FINIS Tip of the Week: Freestyle Initial Catch


Welcome to the “FINIS Tip of the Week.” Swimming World will be bringing you a topic that we’ll explore with drills and concepts for you to implement with your team on a regular basis. While certain weeks may be more appropriate for specific levels of swimming (club, high school, college, or masters), each tip is meant to be flexible for your needs and inclusive for all levels of swimming.

This month’s tip series is focused on the all-important freestyle catch. Arguably the most important part of any freestyle, developing and maintaining an efficient freestyle catch is crucial for swimmers at any ability level.

The last two articles in the series focused on the hand entry and extension to set up a high elbow freestyle catch, and this week will give you some tips in developing solid contact in the initial stages of the pull phase of the stroke.

Initial Contact…

Making sure you have a “hold” of the water from the very beginning of your pull is essential to having an effective catch. The faster you are able to make contact with the water that propels you forward, the more efficient your pull will be. General things to look for in the initial phase of the catch are making sure the fingertips are pointed down with the face of palm pressing behind you and to maintain that position through the pull phase of the stroke.
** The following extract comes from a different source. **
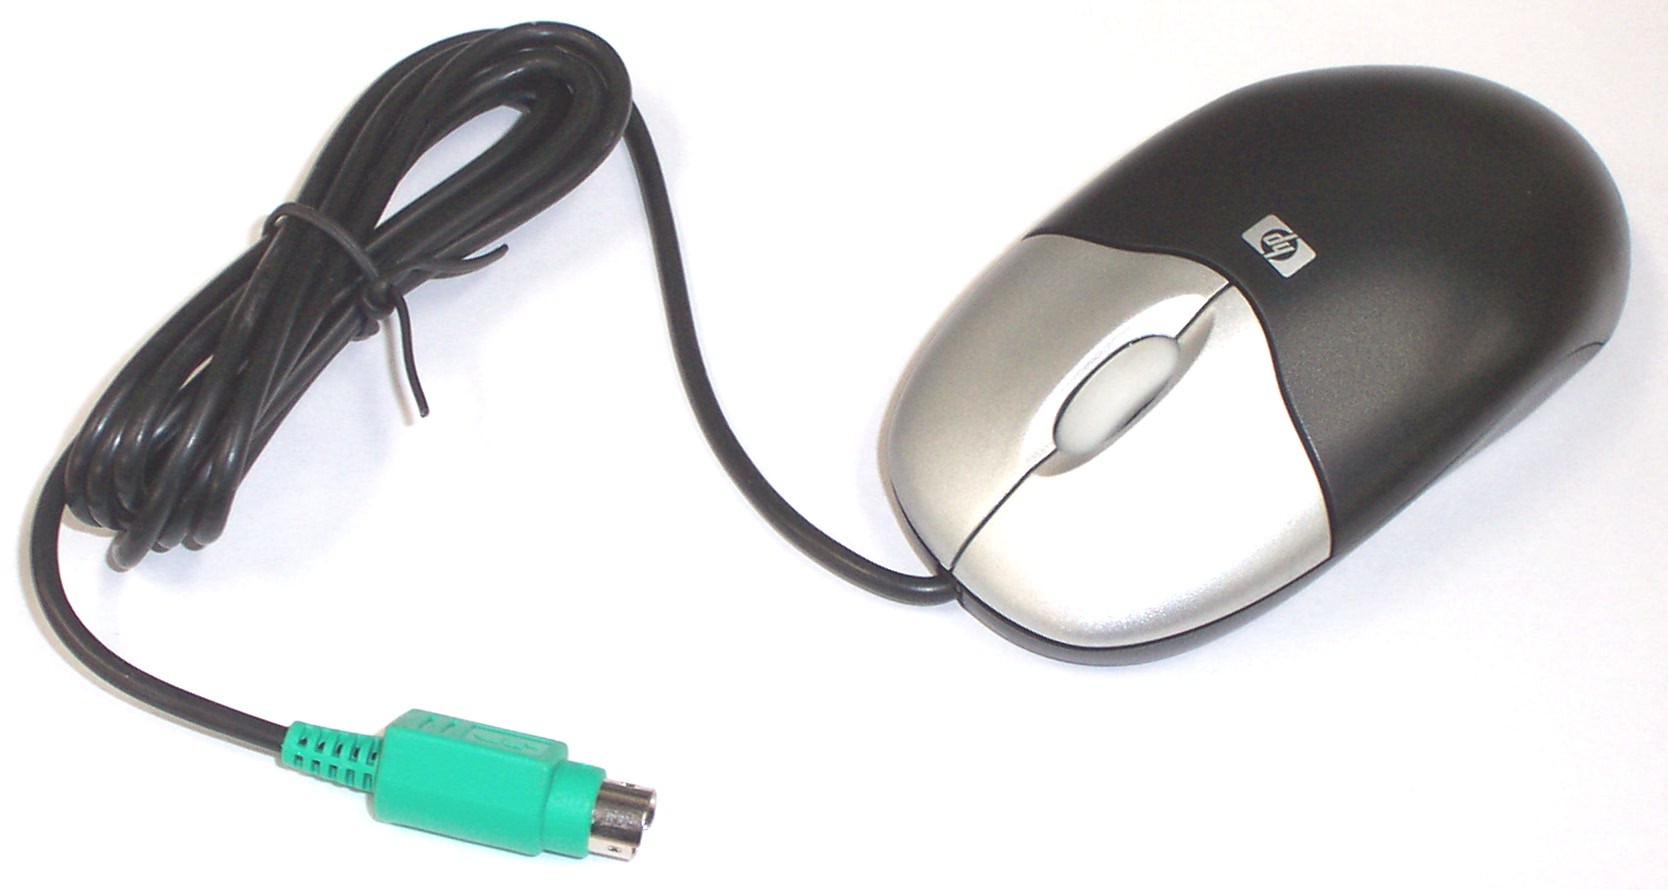  HP 417441 PS/2 mouse ile aynı usbli model lazım

Sculling is a great way to making sure you are developing a good hold on the water early on in your catch. Front sculling can help increase your awareness of when you have a hold on the water. To make things interesting you can even experiment with front quadrant sculling where you mimic the initial pull phase of the stroke before progressing into full on underwater recovery drill.

High (And Deep!) Elbow…

It is common knowledge when it comes to the catch that you want a high elbow position with your elbow above your wrist and your wrist above your hand. But another important consideration is how deep that high elbow is positioned in the water.
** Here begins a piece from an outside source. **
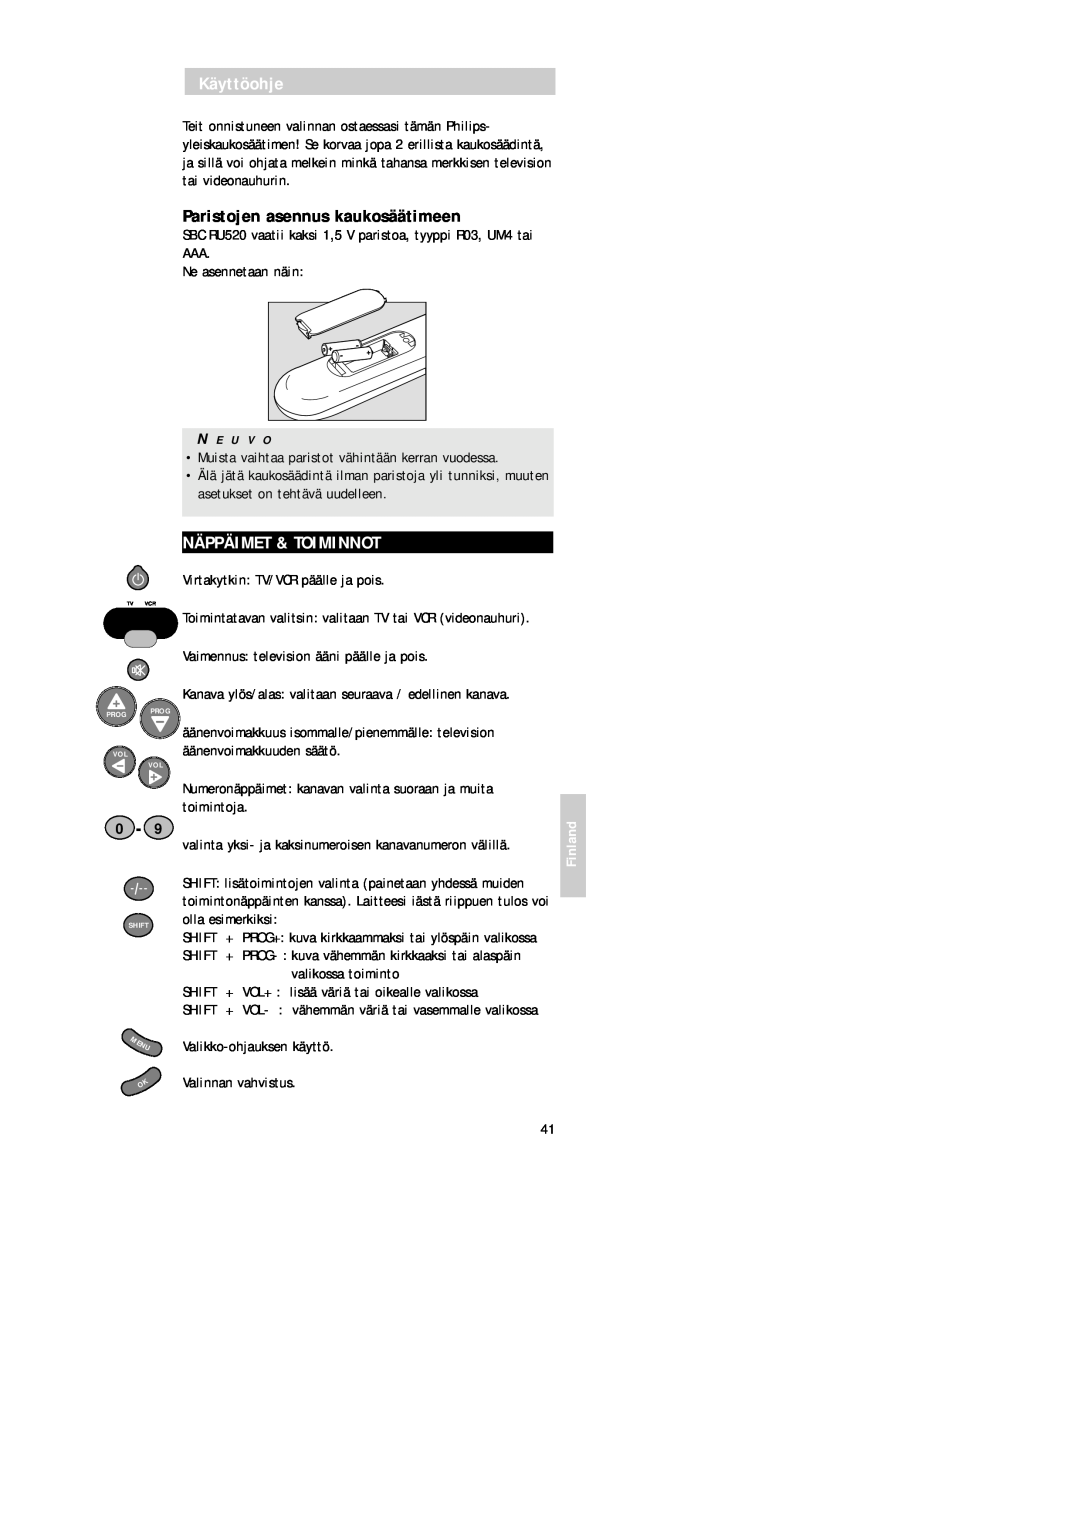 Philips SBC RU 520 manual Käyttöohje, Paristojen asennus kaukosäätimeen, Näppäimet & Toiminnot, Finland, Valinnan vahvistus

You want to avoid having a “shallow” elbow position that can cause you to slip in the second half of your stroke. Make sure your elbow is deep enough that you establish a strong anchor in the water and that can give you enough room to finish your stroke without losing any pull in the water. Head up freestyle is a great drill to work on this, as it forces you directly into a strong catch position deep in the water.

All swimming and dryland training and instruction should be performed under the supervision of a qualified coach or instructor, and in circumstances that ensure the safety of participants.